Y allá van, acá vienen, por aquí pasan, hombres y mujeres, niños y adultos, cada vez en aumento, montados en sus bicis de diferentes formas y marcas, en una ciudad donde predomina el uso del automóvil, cuya cantidad rebasa los 3.5 millones, algunos manejados por conductores que no respetan normas.

Es parte del panorama de una ciudad en la que se incentiva, es cierto,  el uso de la bicicleta, pero sin infraestructura suficiente y exigua conciencia. Porque ya es conocido que el mayor número de muertes es por atropellamientos. Las estadísticas oficiales, sin embargo, no especifican cuántos ciclistas fallecen.

Organizaciones civiles ignoran a cuánto asciende el número exacto de ciclistas atropellados, mucho menos que hayan muerto por dicha causa,  pero dirigentes de Bicitekas, el colectivo más conocido, recuerdan que una de las primeras veces que supieron de un caso,  en junio de 2009, fue a través de un correo electrónico Ernesto Corona dice que el accidente ocurrió en avenida Universidad y Gabriel Mancera, colonia Del Valle.

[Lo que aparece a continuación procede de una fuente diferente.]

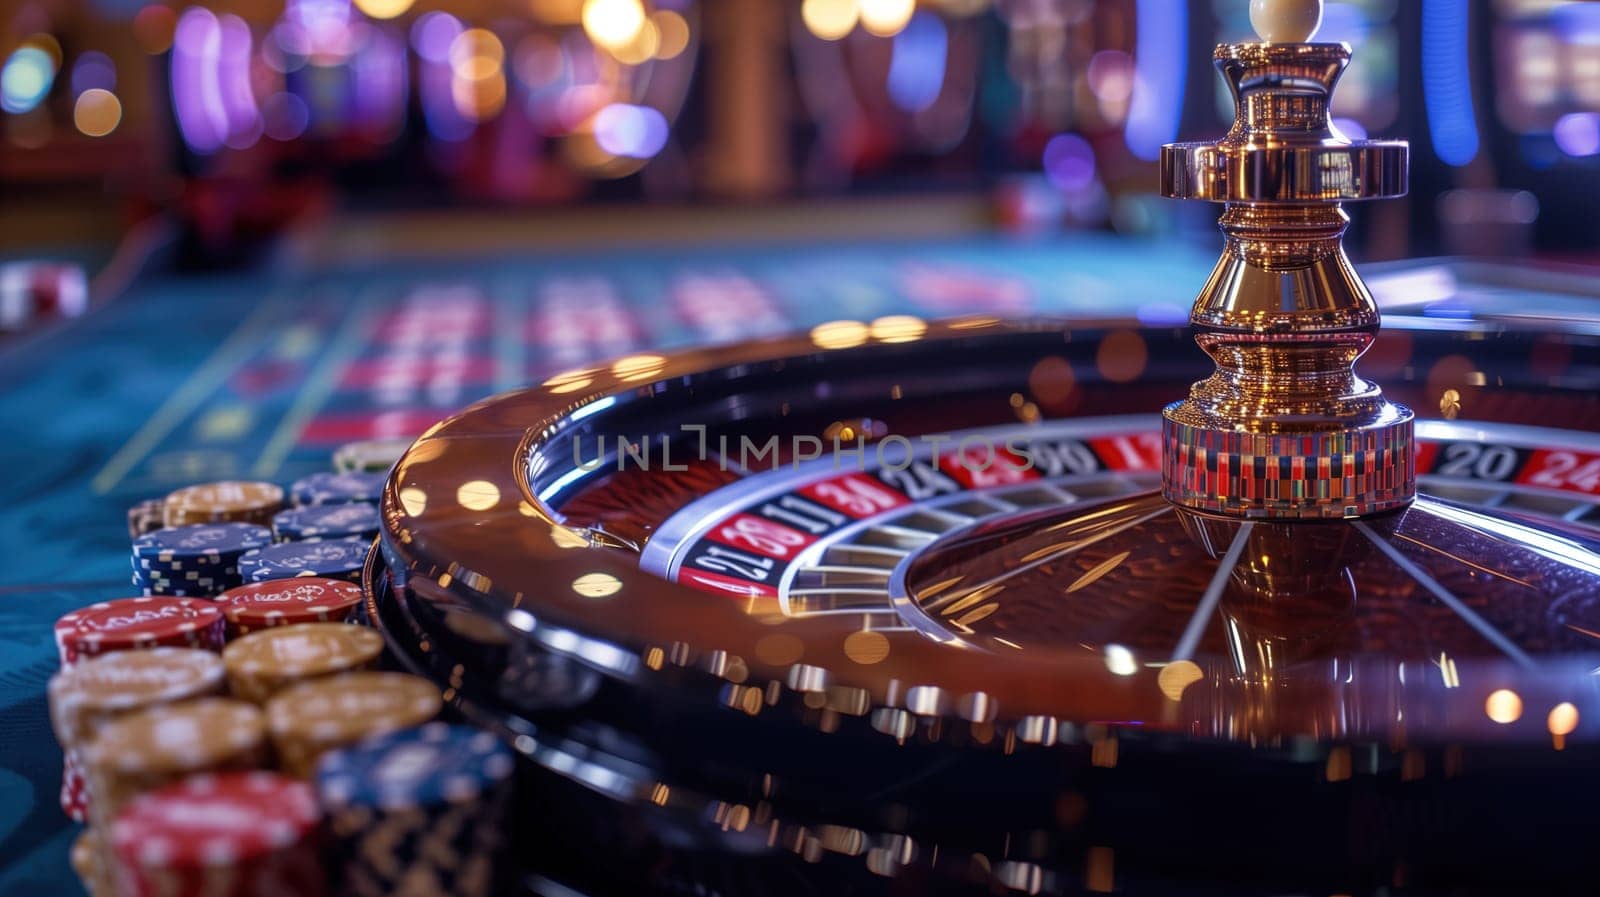 Casino Roulette Table With Chips by TRMK

La historia fue relatada por el novio, quien vivió la tragedia de Liliana Castillo, por lo que a partir de ese hecho  hubo protestas para exigir justicia y respeto a los ciclistas, así como retomar las instalaciones de bicicletas ‘blancas’, también denominadas ‘fantasmas’, en lugares donde mueren ciclistas.

Desde entonces, comenta Ernesto Corona, organizaciones afines han colocado entre 12 y 13 bicicletas blancas en el Distrito Federal, aunque “originalmente no son las que se podrían haber instalado, ya que debido a la capacidad de trabajo y de coordinación para poder instalar una bicicleta blanca, no nos damos abasto y la comunidad ciclista ha sido rebasada realmente…”

Todos los casos son “bastante fuertes”, añade Corona, quien menciona el de Liliana como un signo de injusticia e impunidad:

—El caso con ella —detalla— es que al momento de pasar el accidente, a pesar de que tenía cosas que la identificaran, queda reportada como no identificada ante el Ministerio Público; además,  al entrar al Hospital de Xoco, solo aparecía el registro de una chica que al parecer se había caído de la bicicleta, nada más, pero no un accidente de la magnitud que tuvo.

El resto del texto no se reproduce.